# I would love some pictures drawn or edited! (:



## eventerwannabe (Jun 10, 2009)

So, I dont have any edited or drawn pictures of Bear, so I do not know how (I know, what a lame excuse, haha). I would love some done! 

Please put your signiture or something on there so no one thinks that I did it! I want all ownership to go to you, the artist!

Let me know what type of picture(s) you would like and I will put them up. 

I have pitures of just Neo, Neo and I, Neo and I undersaddle, pretty much everything. I do photography, so if I dont have the picture, then I can take it (unless its undersaddle).


Please help me out guys!!

<3 Neo&Nerissa


----------



## ThatNinjaHorse (Jul 26, 2009)

I'll have a go at editing for you. I dont mind what kind of photos, ive started tack removal so i dont mind if its an under saddle photo, but probably include some without tack because i cant promise anything


----------



## eventerwannabe (Jun 10, 2009)

Thank you so much Ninja!!

Here are some pictures:









































































Ill attach a "few" more in a minute. Feel free to use whatever ones you want and do whatever you want to them


----------



## eventerwannabe (Jun 10, 2009)

Here are more:


----------



## ThatNinjaHorse (Jul 26, 2009)

Do you have any larger ones? They need to be really clear too. You can send links/email if you like


----------



## eventerwannabe (Jun 10, 2009)

FOR ANYONES INFORMATION!!!

I have owned Neo for about 4 1/2 weeks. I bought him in the condition he is in, skinny and bad toning. If you're curious as to why, let me know. Please dont give me a hard time about his weight, it is getting better "/


----------



## ThatNinjaHorse (Jul 26, 2009)

my last post must have come through at the same time as yours ...


----------



## eventerwannabe (Jun 10, 2009)

ThatNinjaHorse said:


> Do you have any larger ones? They need to be really clear too. You can send links/email if you like


For the undersaddle stuff, that is the best I got. ),: So sorry! I wont be able to get new riding shots that are not video stills for another 2-3 weeks. I can get some lunging shots tomorrow, if you could like some of those.

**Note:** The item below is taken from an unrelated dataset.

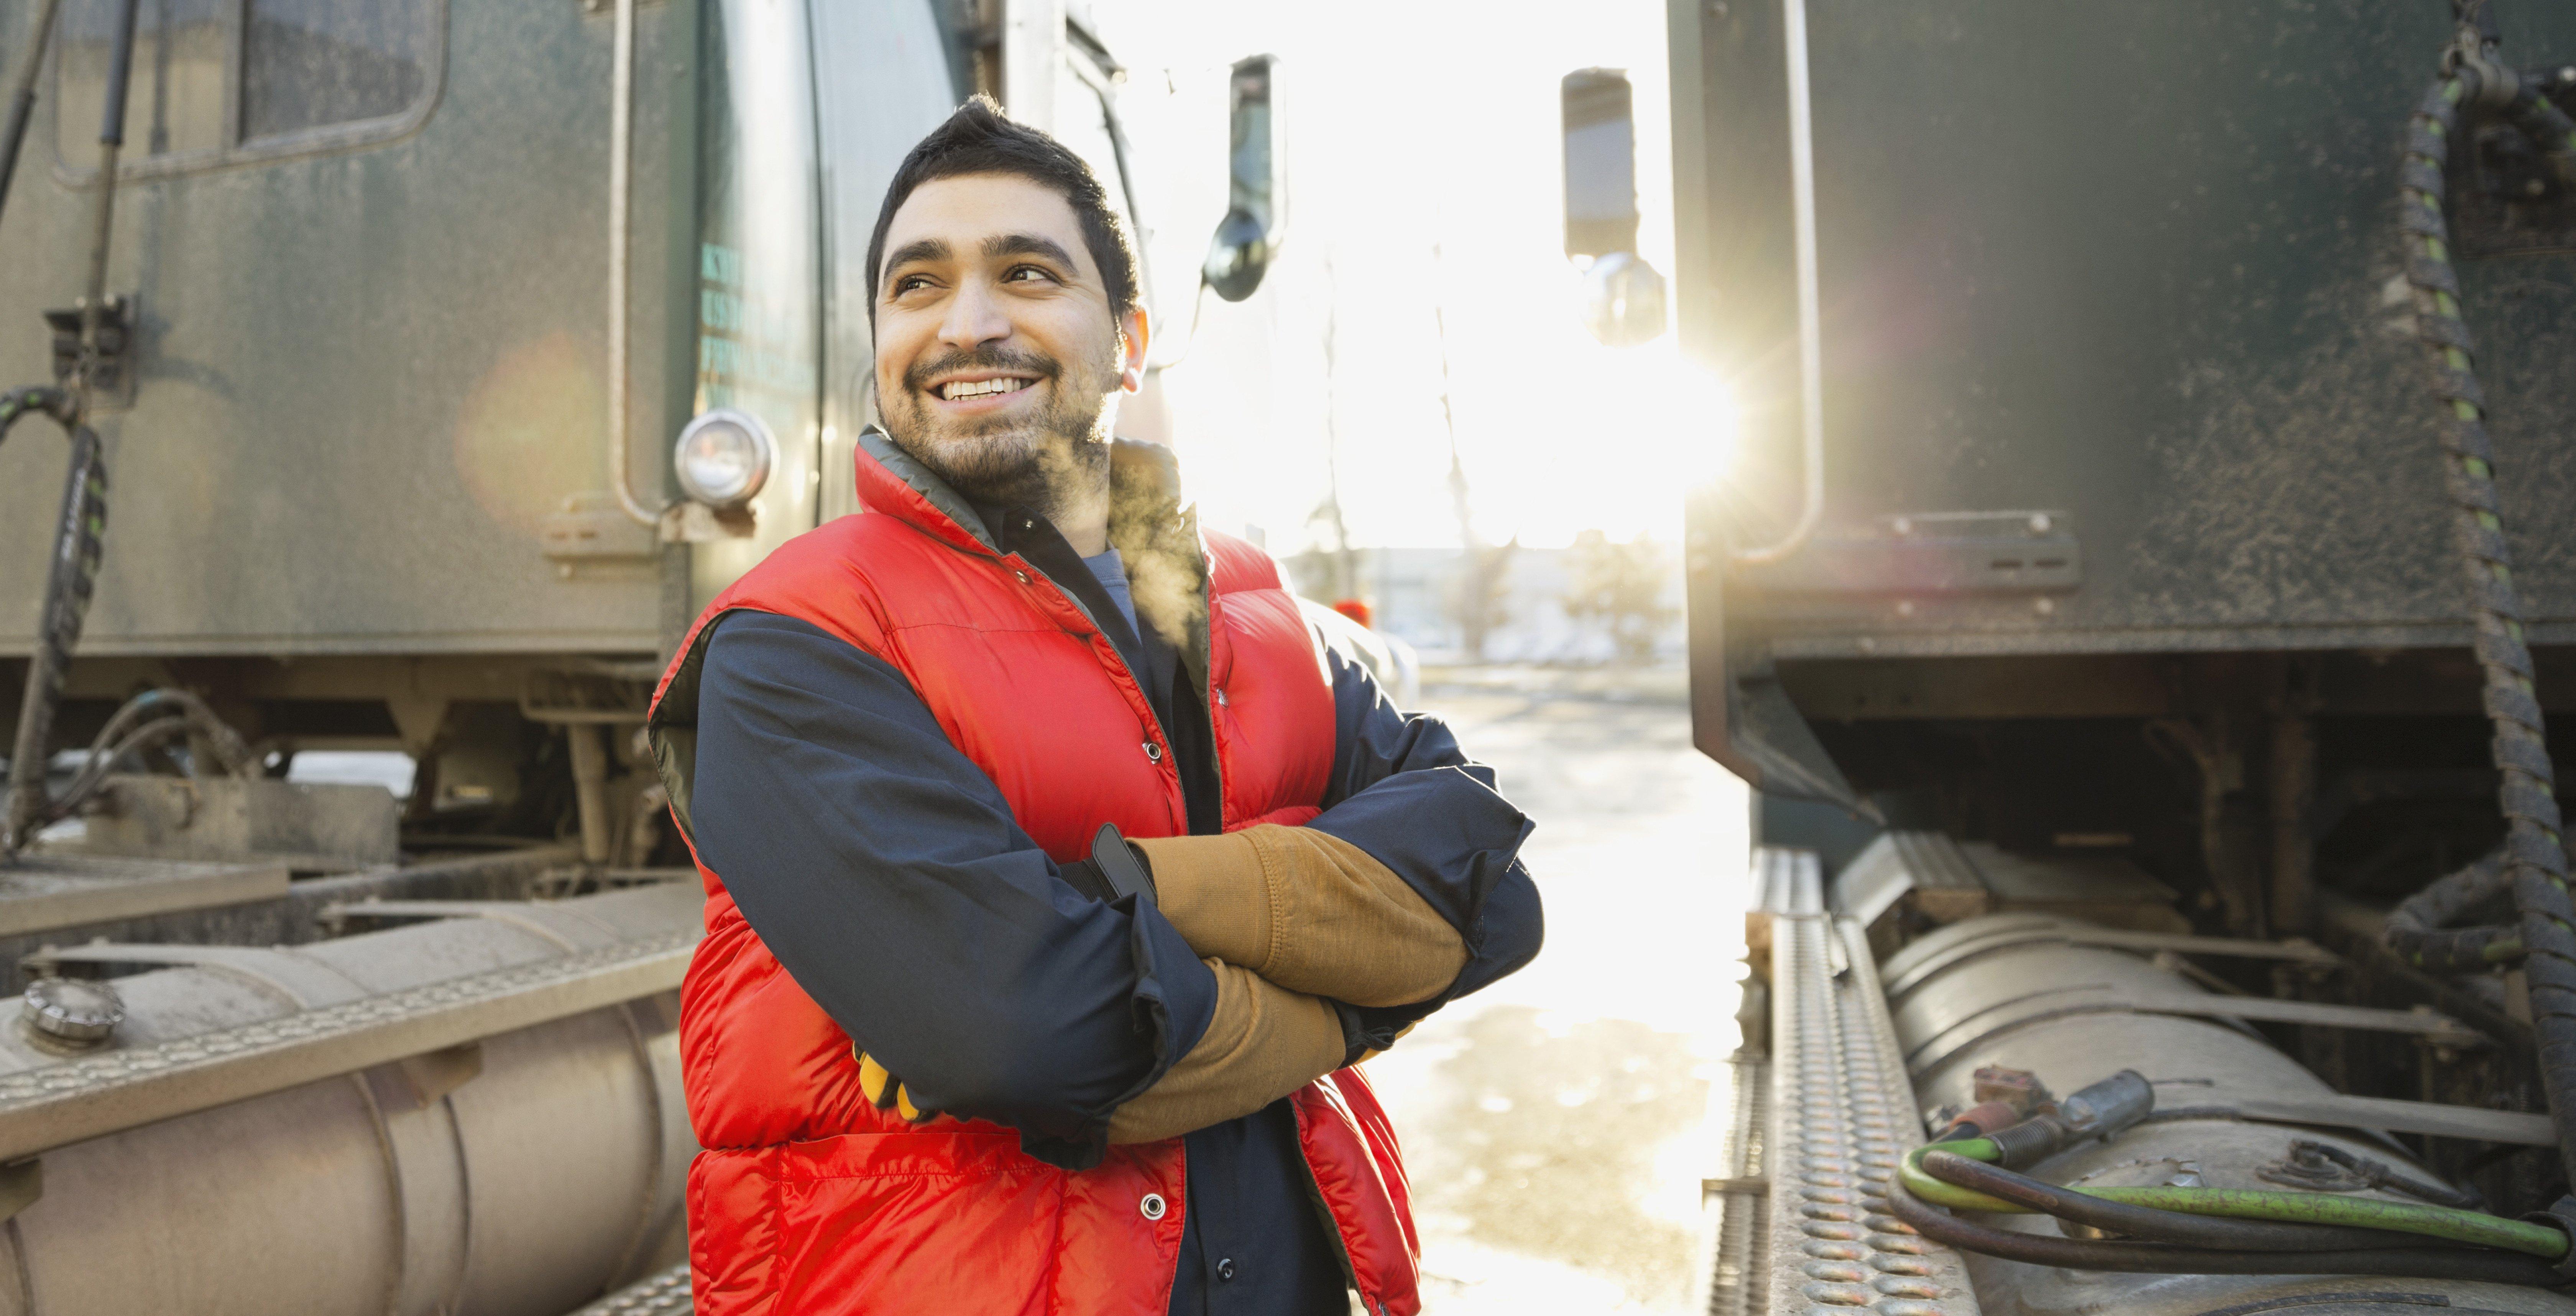 millennial-truck-driver-jpeg

If your wondering why I cant get new riding shots, its because he is under weight and has horrid toning, so im not going to ride him until he gains more weight and he gets more muscle tone (lots and lots of lunging with side reins "/)


----------



## ThatNinjaHorse (Jul 26, 2009)

Yeah lunging pics would be great!


----------



## eventerwannabe (Jun 10, 2009)

ThatNinjaHorse said:


> Yeah lunging pics would be great!


Sweet! I will get some tomorrow when im lunging him.

I dont remember if I already attached this one (im also attaching all of my favs, so feel free to practice with mine or anything!):


----------



## jackieebitu (Aug 1, 2009)

wow your horse is so cute!
woul u like me to do a collag or an edit for you


----------



## eventerwannabe (Jun 10, 2009)

jackieebitu said:


> wow your horse is so cute!
> woul u like me to do a collag or an edit for you


I would LOVE that! 

P.S: I am posting lunging pictures in just a little while (it might be tomorrow though, as im being a lazy bum). We had him in side reins today so he looks SUPER!


----------



## jackieebitu (Aug 1, 2009)

okay , i will get working on that now 
any particular writing on it ? x


----------



## jackieebitu (Aug 1, 2009)

what your horsess namee x


----------



## eventerwannabe (Jun 10, 2009)

Nope, I dont mind the text, put what you want 

His name is Bear and his show name is Polar Express. My name is Nerissa and also go by Nissa


----------



## jackieebitu (Aug 1, 2009)

ok  x 
it willb on in bout 10 mins!


----------



## jackieebitu (Aug 1, 2009)

here theyare, 
hope youu likee :


----------



## eventerwannabe (Jun 10, 2009)

I LOVE THEM!!!!! 
Thank you sooo much! They are amazing


----------



## eventerwannabe (Jun 10, 2009)

^^ I would LOVE to have this one drawn/painted!


----------



## Icrazyaboutu (Jul 17, 2009)

I tried to draw the third picture in the last post.... but it sucks. here it is anyways.


----------



## ThatNinjaHorse (Jul 26, 2009)

Heres the one i edited. I didnt do a very good job on the tack removal, and i didnt remove the boots, ive never done them and when i attempted i couldn't get the shape of the leg right, i hope you dont mind.
Let me know what you think, if you like the background etc


----------



## eventerwannabe (Jun 10, 2009)

I LOVE THEM!! 

That drawing is so beautiful 

And I love the edit Ninja. I dont mind him having his boots on, no worries at all 

Thank you both sooo much! 


PS: To anyone how has looked, im going to keep this as my edit thread for myself, I dont see the need to post a new thread every time I get new pictures and clog up the board, so this is what im going to use


----------



## eventerwannabe (Jun 10, 2009)

*bump*

*[:*


----------